Es gäbe über die Stationen auf diesem Weg noch viel zu berichten, etwa über den ganz gewiß nicht einfachen Zwei-plus-Vier-Prozeß. Diese einfache Formel verbirgt die enorme Dramatik all dessen, was in jenen wenigen Monaten geschah. Es ist gut, daß wir jetzt, an Deinem 70. Geburtstag, einen Moment innehalten und uns über den Geburtstag hinaus noch einmal gemeinsam dankbar daran erinnern, daß uns dieses Geschenk zuteil wurde.

 

Ich danke Dir, Hans-Dietrich, für Dein Engagement, für Deine gute Kameradschaft, für Deine stets freundschaftliche Zuwendung und für manchen guten Rat. Wir haben uns auch immer wieder einmal kräftig gestritten - schon allein wegen der Zusammenarbeit zweier kleiner, liebenswerter Parteien ... Das hat aber nichts daran geändert, daß ich mich heute darüber freue, daß ich diese Rede auf Dich halten kann. Wir durften gemeinsam eine erfolgreiche Wegstrecke zurücklegen. Dafür bin ich ganz besonders dankbar.

 

Ich gratuliere Dir ganz herzlich und ich danke vor allem auch Dir, Bärbel, für Dein Mittun. Mit einem Politiker verheiratet zu sein, ist immer schwierig.
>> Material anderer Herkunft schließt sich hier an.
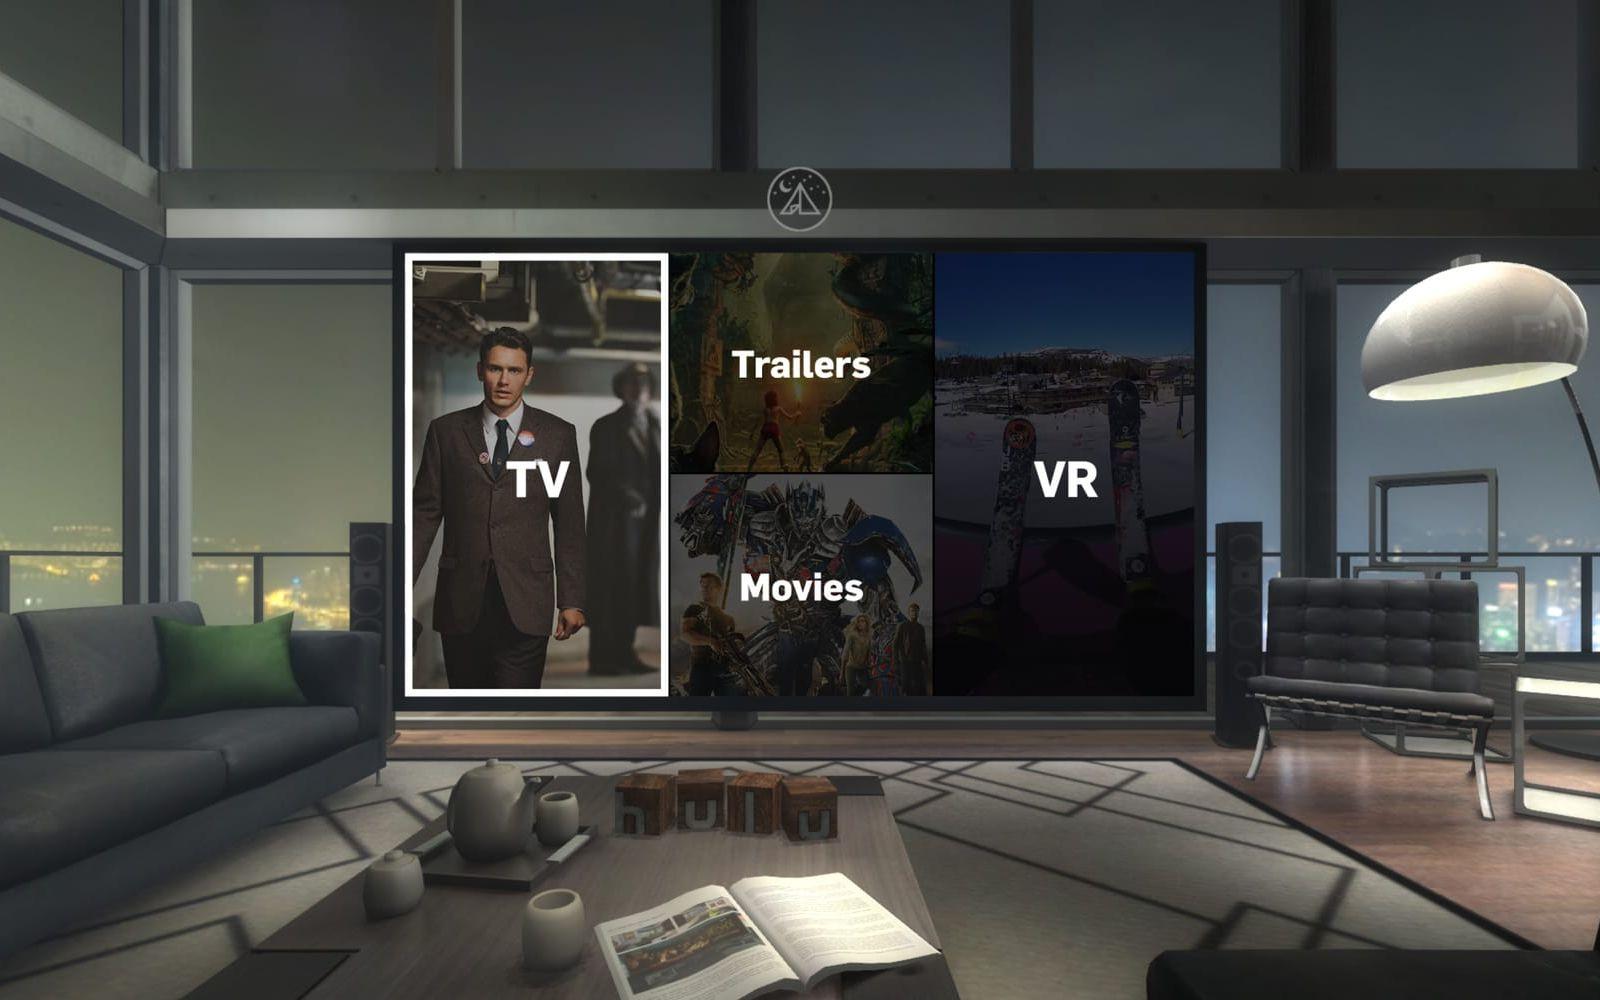 <strong>KOLLA PÅ FILM MED VÄNNER: </strong>VR-företag erbjuder redan idag möjligheten att hänga med kompisar i virtuella rum där ni kan titta på film ”tillsammans”. Oklart vem som får hålla i fjärrkontrollen. Foto: Hulu

Mit einem reisenden Außenminister verheiratet zu sein, ist noch sehr viel schwieriger - vor allem dann, wenn er daheim auch noch Arbeitsfrühstücke veranstaltet - mit all dem, was dazugehört. Ich danke Dir, Bärbel, vor allem auch für dieses Mittragen und Mitertragen. Ich wünsche Euch beiden, Deiner Tochter, Deinem Schwiegersohn und den Enkeln noch viele gute und gesegnete Jahre, Glück und Gesundheit.

 

 

 

Quelle: Bulletin der Bundesregierung. Nr. 27. 8. April 1997.